# Diameter of a Parabola

### Diameter of a Parabola:

**1. Definition:**

- The diameter of a parabola is the longest chord passing through the vertex of the parabola.
- It's a special case of a chord where the chord's endpoints coincide with the vertex.

**2. Properties of the Diameter:**

**Passes Through Vertex:**The diameter passes through the vertex of the parabola.**Length:**It's the longest chord among all chords of the parabola.**Symmetry:**The diameter is symmetric about the axis of the parabola.

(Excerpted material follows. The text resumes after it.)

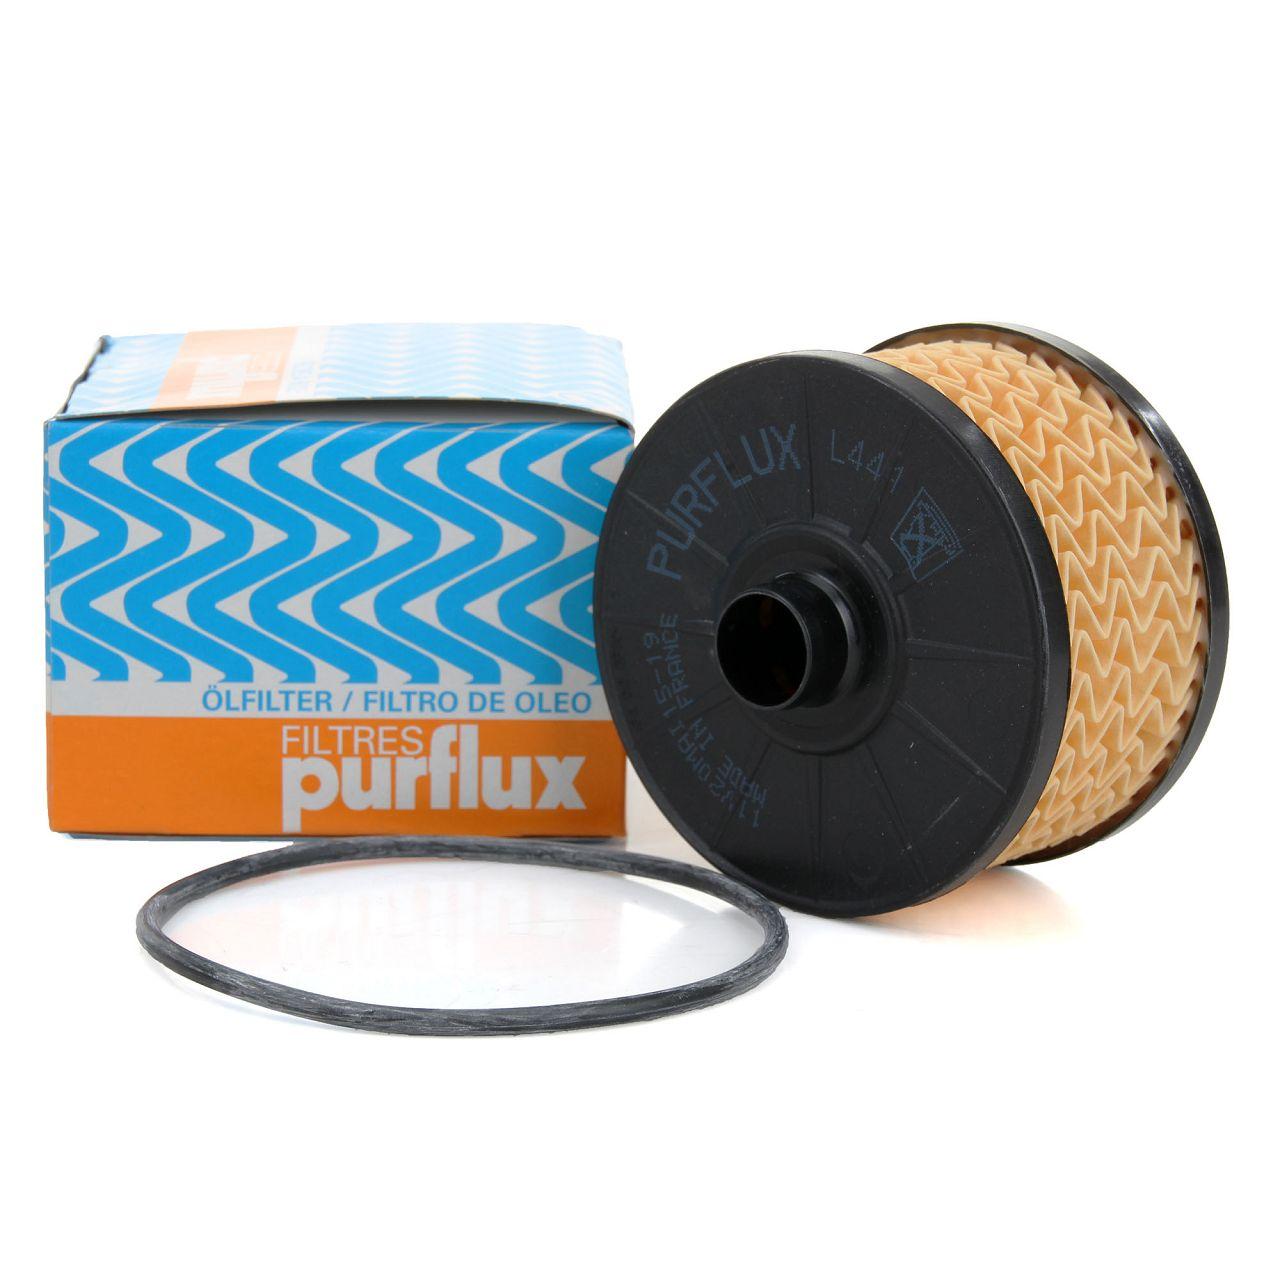 PURFLUX L441 Ölfilter + Dichtung DACIA MERCEDES-BENZ NISSAN RENAULT 0.9-1.4

**3. Equation of the Diameter:**

- For a parabola $y=a{x}^{2}+bx+c$, the equation of the diameter passing through the vertex is $y=k$, where $k$ is the y-coordinate of the vertex.
- For a horizontal parabola, the equation of the diameter passing through the vertex is $x=h$, where $h$ is the x-coordinate of the vertex.

**4. Finding the Length of the Diameter:**

- The distance between the endpoints of the diameter passing through the vertex is the length of the diameter.
- Calculate the distance using the coordinates of the vertex and the points where the diameter intersects the parabola.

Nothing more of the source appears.